→ **ASSIGNMENT**: Wherever a picture appears, skip it and retype the rest of the data exactly.

→ **GIVEN DATA**:
_ _ _ _
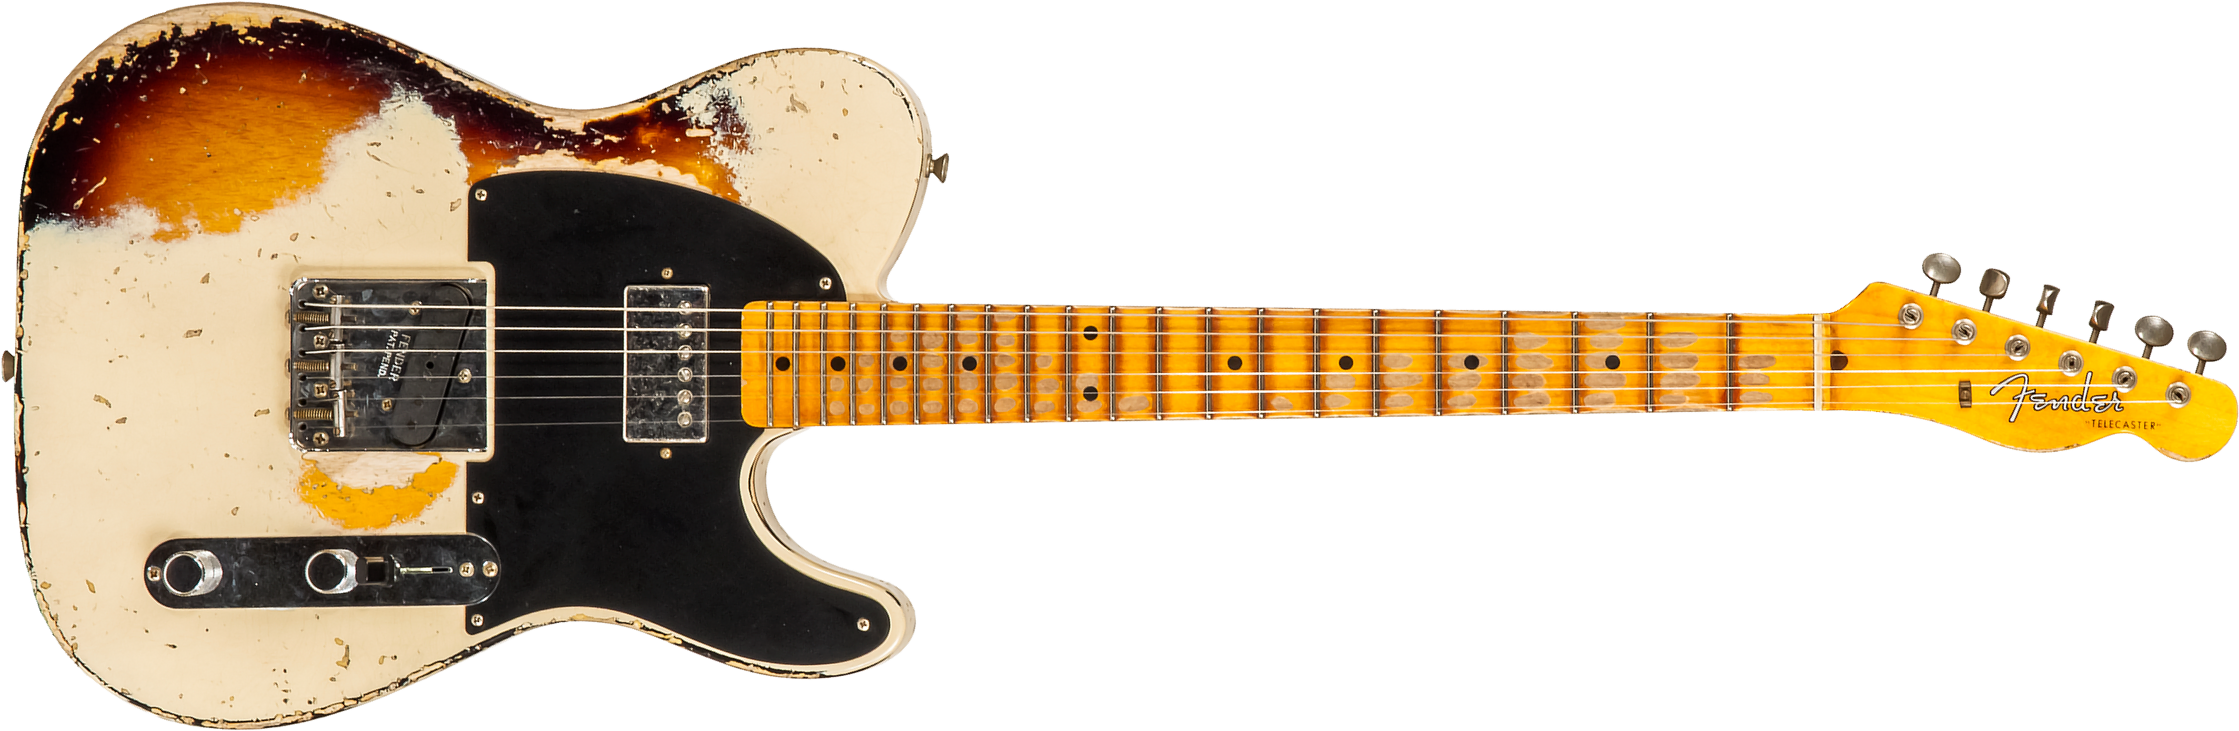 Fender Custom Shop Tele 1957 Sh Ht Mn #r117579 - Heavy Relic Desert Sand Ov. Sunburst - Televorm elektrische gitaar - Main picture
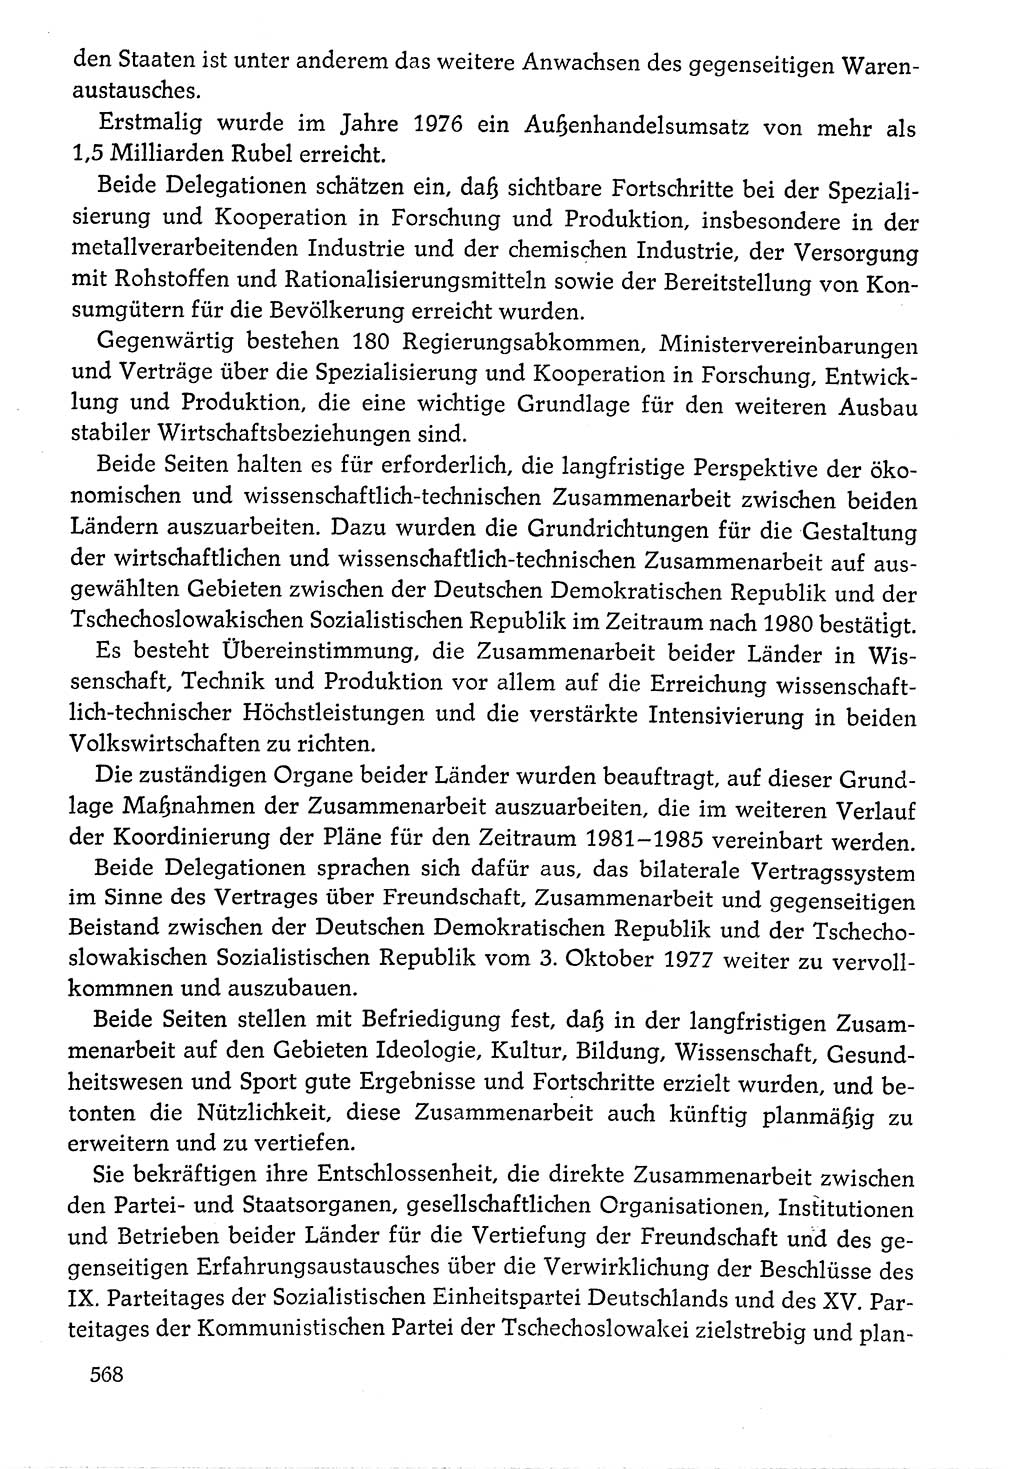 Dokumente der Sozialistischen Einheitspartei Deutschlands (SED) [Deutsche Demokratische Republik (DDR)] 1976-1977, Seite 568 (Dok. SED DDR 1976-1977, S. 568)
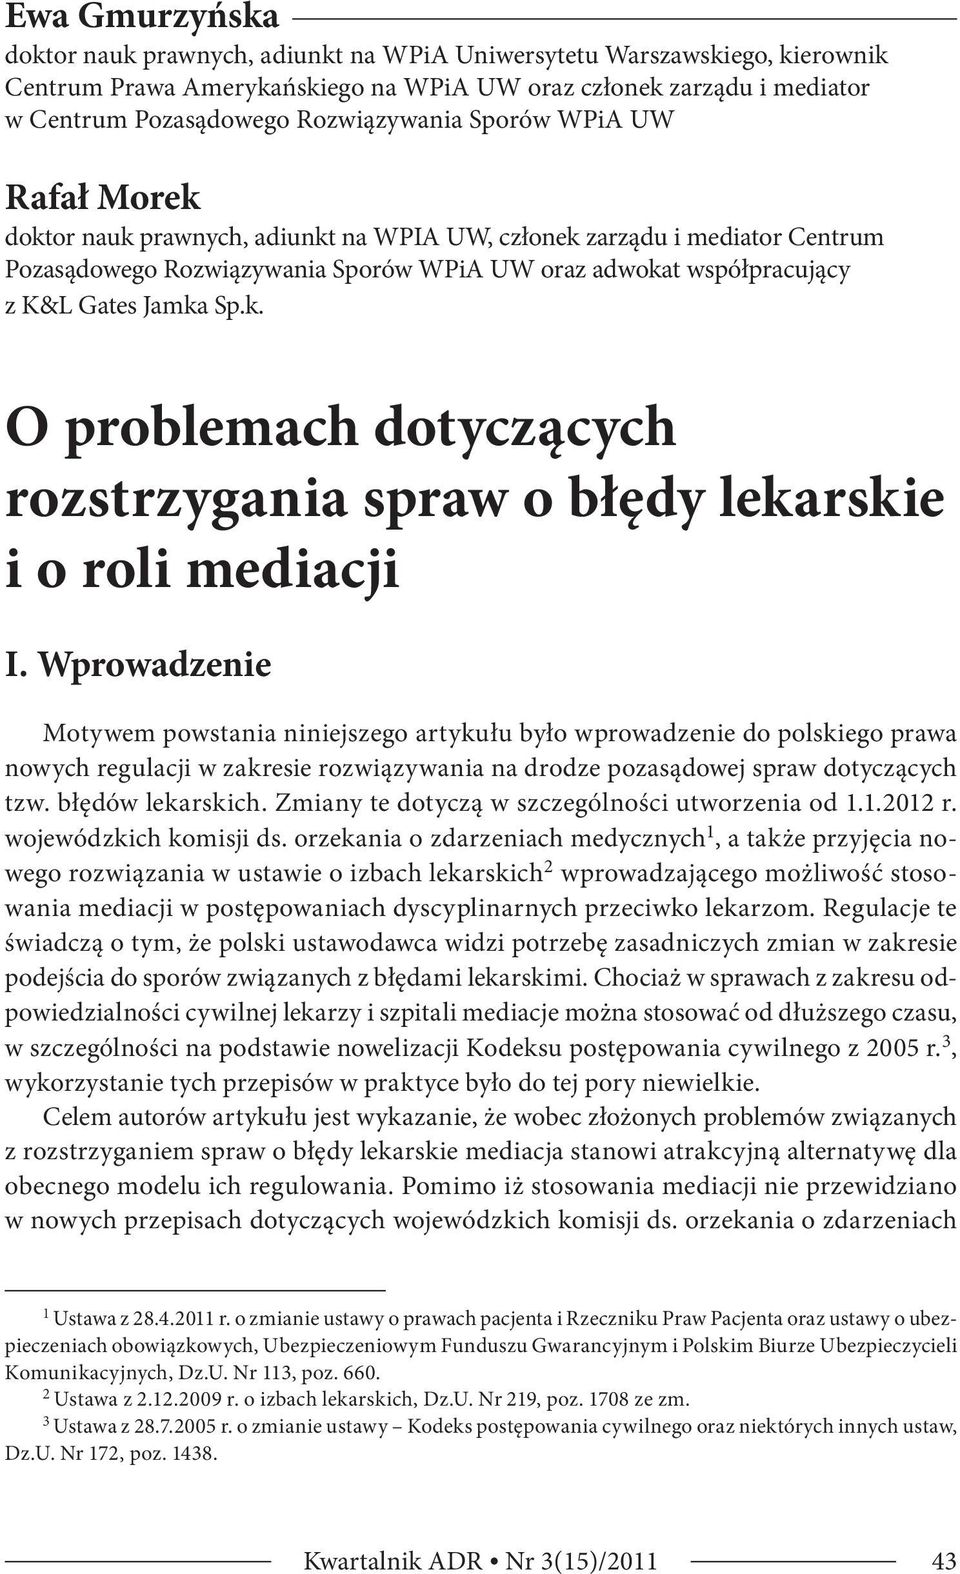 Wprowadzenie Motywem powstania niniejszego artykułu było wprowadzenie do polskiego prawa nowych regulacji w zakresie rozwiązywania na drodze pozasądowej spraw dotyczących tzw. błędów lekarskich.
_ _ _ _
→ **ANSWER TO THIS TASK**:
 Fender Custom Shop Tele 1957 Sh Ht Mn #r117579 - Heavy Relic Desert Sand Ov. Sunburst - Televorm elektrische gitaar - Main picture
 Dokumente der Sozialistischen Einheitspartei Deutschlands (SED) [Deutsche Demokratische Republik (DDR)] 1976-1977, Seite 568 (Dok. SED DDR 1976-1977, S. 568)
 Wprowadzenie Motywem powstania niniejszego artykułu było wprowadzenie do polskiego prawa nowych regulacji w zakresie rozwiązywania na drodze pozasądowej spraw dotyczących tzw. błędów lekarskich.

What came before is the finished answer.